Signed-off-by: Marc Zyngier <marc.z...@arm.com>
---
Documentation/devicetree/bindings/arm/pmu.txt | 4 +++-
drivers/perf/arm_pmu.c | 22 +++++++++++++++++-----
2 files changed, 20 insertions(+), 6 deletions(-)

diff --git a/Documentation/devicetree/bindings/arm/pmu.txt b/Documentation/devicetree/bindings/arm/pmu.txt
index 74d5417..61c8b46 100644
--- a/Documentation/devicetree/bindings/arm/pmu.txt
+++ b/Documentation/devicetree/bindings/arm/pmu.txt
@@ -39,7 +39,9 @@ Optional properties:
When using a PPI, specifies a list of phandles to CPU
nodes corresponding to the set of CPUs which have
a PMU of this type signalling the PPI listed in the
- interrupts property.
+ interrupts property, unless this is already specified
+ by the PPI interrupt specifier itself (in which case
+ the interrupt-affinity property shouldn't be present).

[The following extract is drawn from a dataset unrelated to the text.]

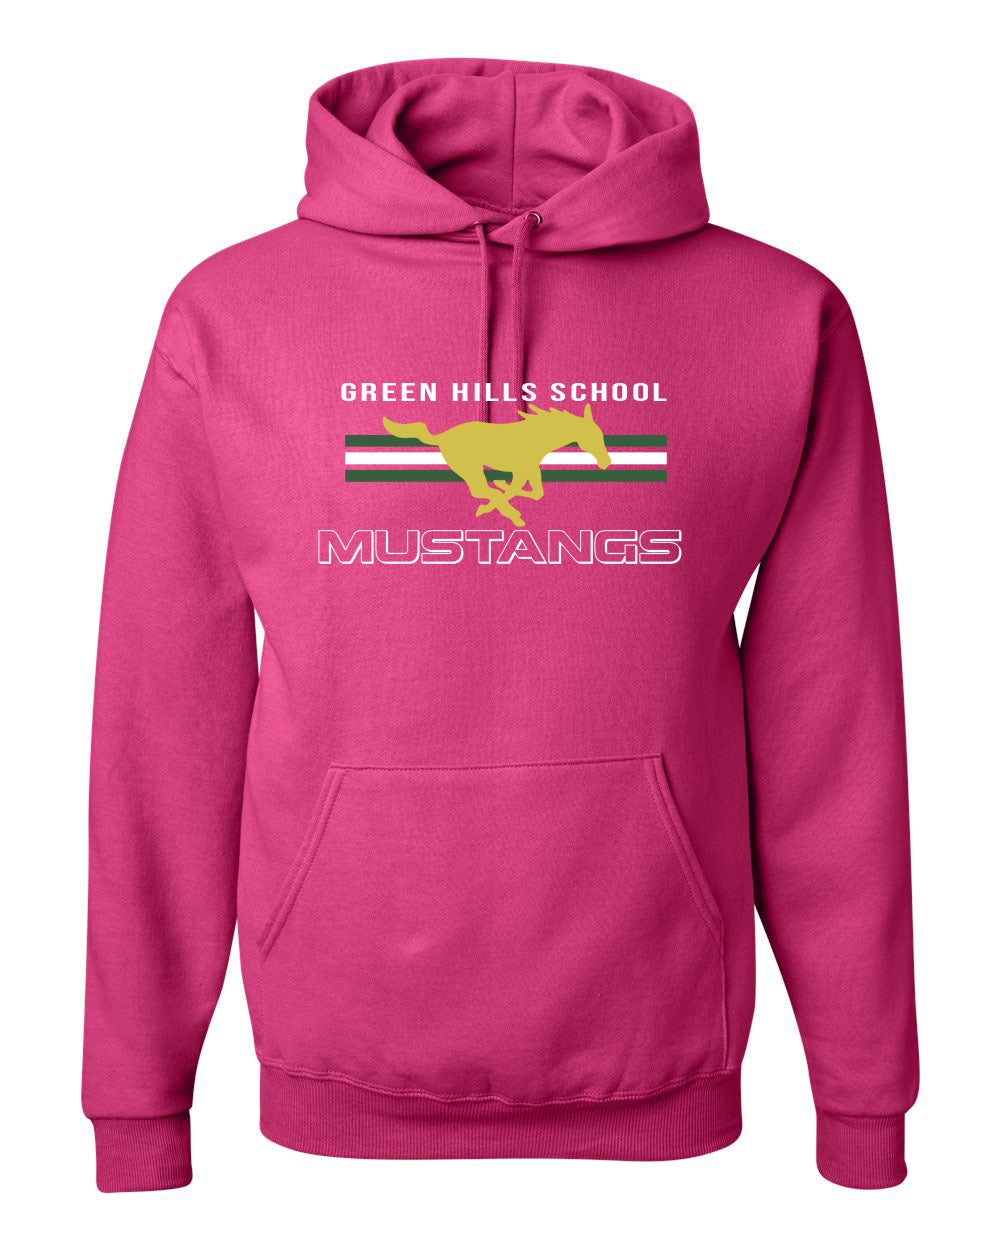 Green Hills Design 3 Hooded Sweatshirt, pink

This property should be present when there is more than
a single SPI.
diff --git a/drivers/perf/arm_pmu.c b/drivers/perf/arm_pmu.c
index 140436a..065ccec 100644
--- a/drivers/perf/arm_pmu.c
+++ b/drivers/perf/arm_pmu.c
@@ -603,7 +603,8 @@ static void cpu_pmu_free_irq(struct arm_pmu *cpu_pmu)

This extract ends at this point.